Abstract:
A nozzle device, comprising a nozzle body, a ball provided in the nozzle body and elastically deformable by compression, an aliquoting/dispensing tip having a barrel portion in which the nozzle body including the ball is inserted, and a ball compressing mechanism which is provided in the nozzle body, configured elastically to deform the ball by compression so that the diameter of the ball increases with the nozzle body including the ball inserted in the barrel portion of the aliquoting/dispensing tip, thereby pressing the ball airtightly against an inner peripheral surface of the barrel portion of the tip, when the tip is attached to the nozzle body, and configured to remove a compressive force from the ball so that the diameter of the ball is reduced, thereby separating the ball from the inner peripheral surface of the barrel portion of the tip, when the tip is detached from the nozzle body.

Description:
CROSS-REFERENCE TO RELATED APPLICATIONS 
     This application is based upon and claims the benefit of priority from prior Japanese Patent Application No. 2005-328808, filed Nov. 14, 2005, the entire contents of which are incorporated herein by reference. 
     BACKGROUND OF THE INVENTION 
     1. Field of the Invention 
     This invention relates to a nozzle device for aliquoting a specimen from a test tube or some other specimen container that contains a specimen, such as blood, and dispensing the specimen into another specimen container. 

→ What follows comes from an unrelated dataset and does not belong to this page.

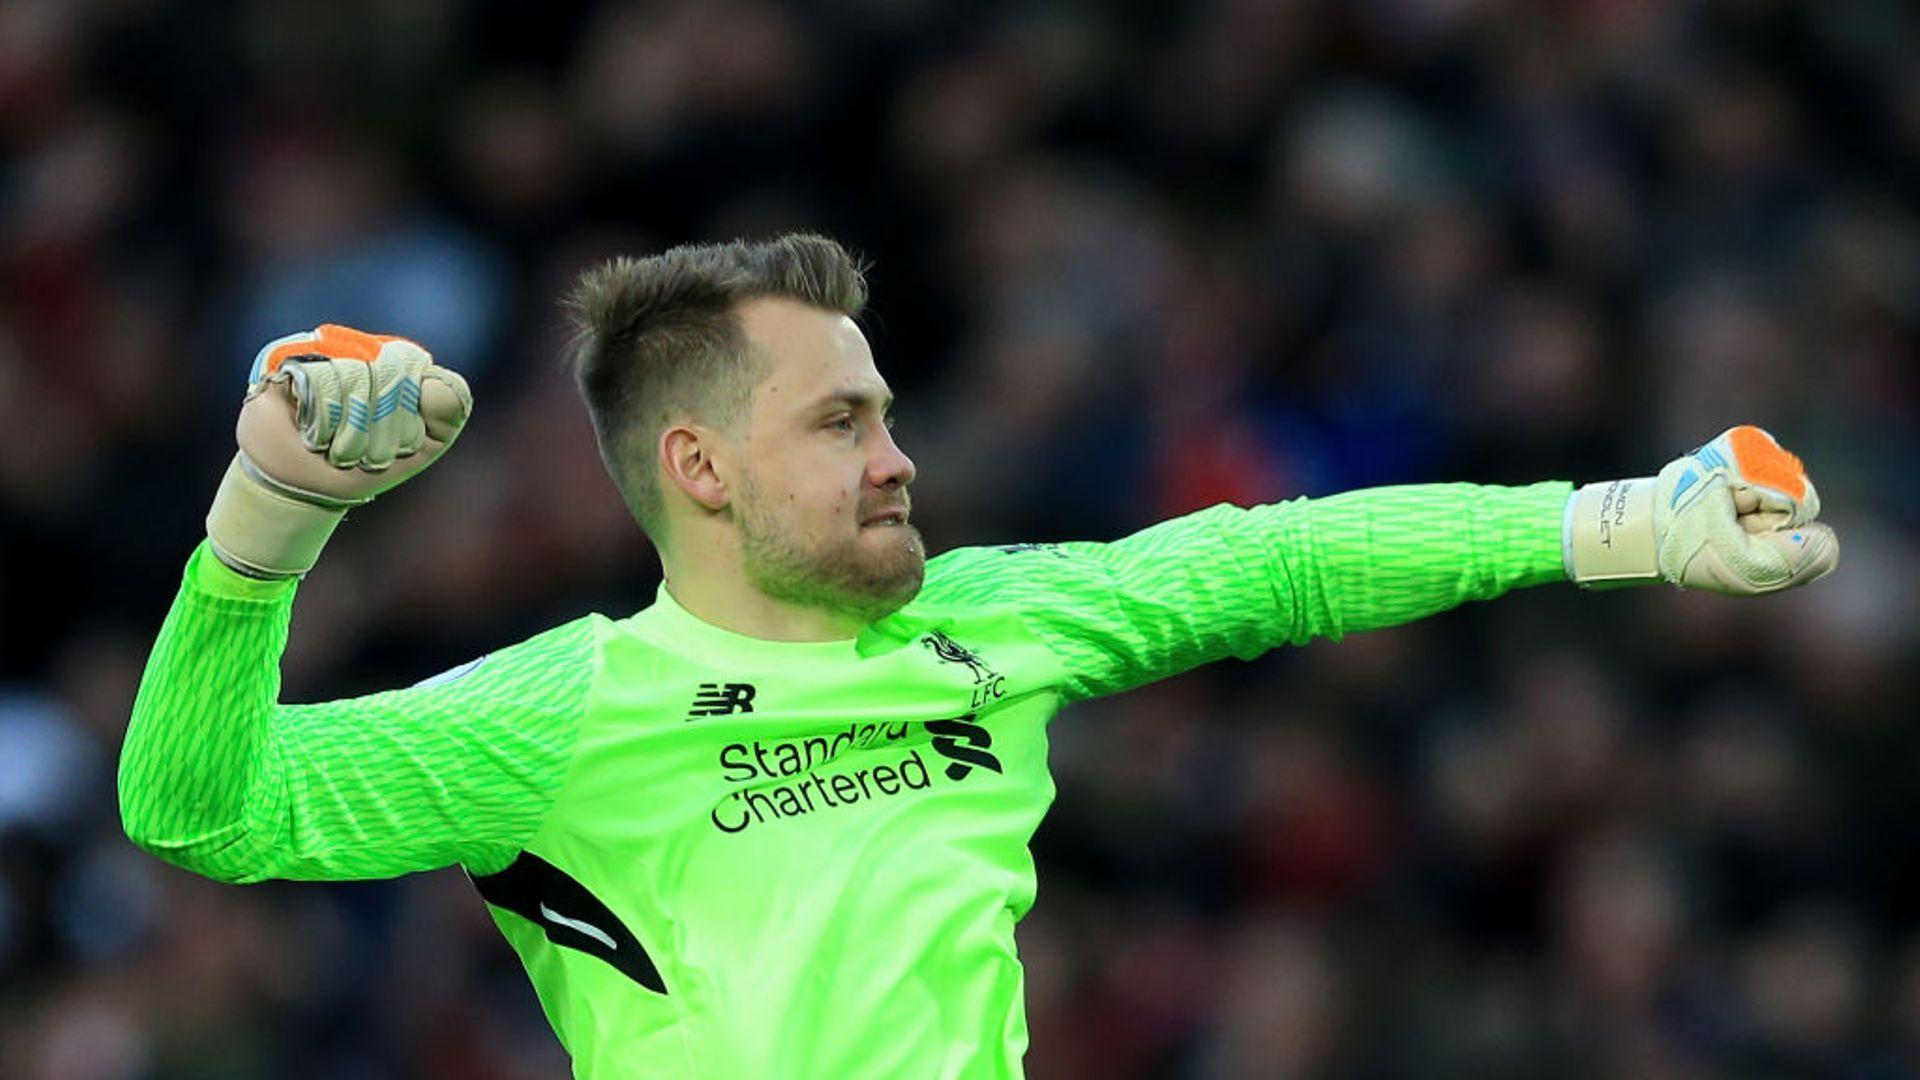 Liverpool's Simon Mignolet committed to proving himself in training

     2. Description of the Related Art 
     In a known nozzle device for aliquoting and dispensing a specimen such as blood, as is described in Jpn. Pat. Appln. KOKAI Publication No. 6-323964, for example, a nozzle portion and a dispensing tip are attached to and detached from each other with use of a balloon that can be inflated and deflated by supplying and discharging a fluid. In this aliquoting/dispensing device, a balloon is provided on the nozzle portion of a head member that is located on the distal end of a specimen supply/discharge pipe. This balloon is connected to a fluid supply/discharge pipe and configured to be inflated or deflated as the fluid is supplied or discharged. If the fluid is supplied to the balloon through the fluid supply/discharge pipe with the nozzle portion including the balloon inserted in a barrel portion at the proximal end portion of the dispensing tip, the balloon is inflated and brought intimately into contact with the inner peripheral surface of the barrel portion of the tip. If the fluid in the balloon is discharged through the fluid supply/discharge pipe, on the other hand, the balloon is deflated and separated from the inner peripheral surface of the barrel portion of the tip. Thus, the nozzle portion and the dispensing tip can be attached to and detached from each other. 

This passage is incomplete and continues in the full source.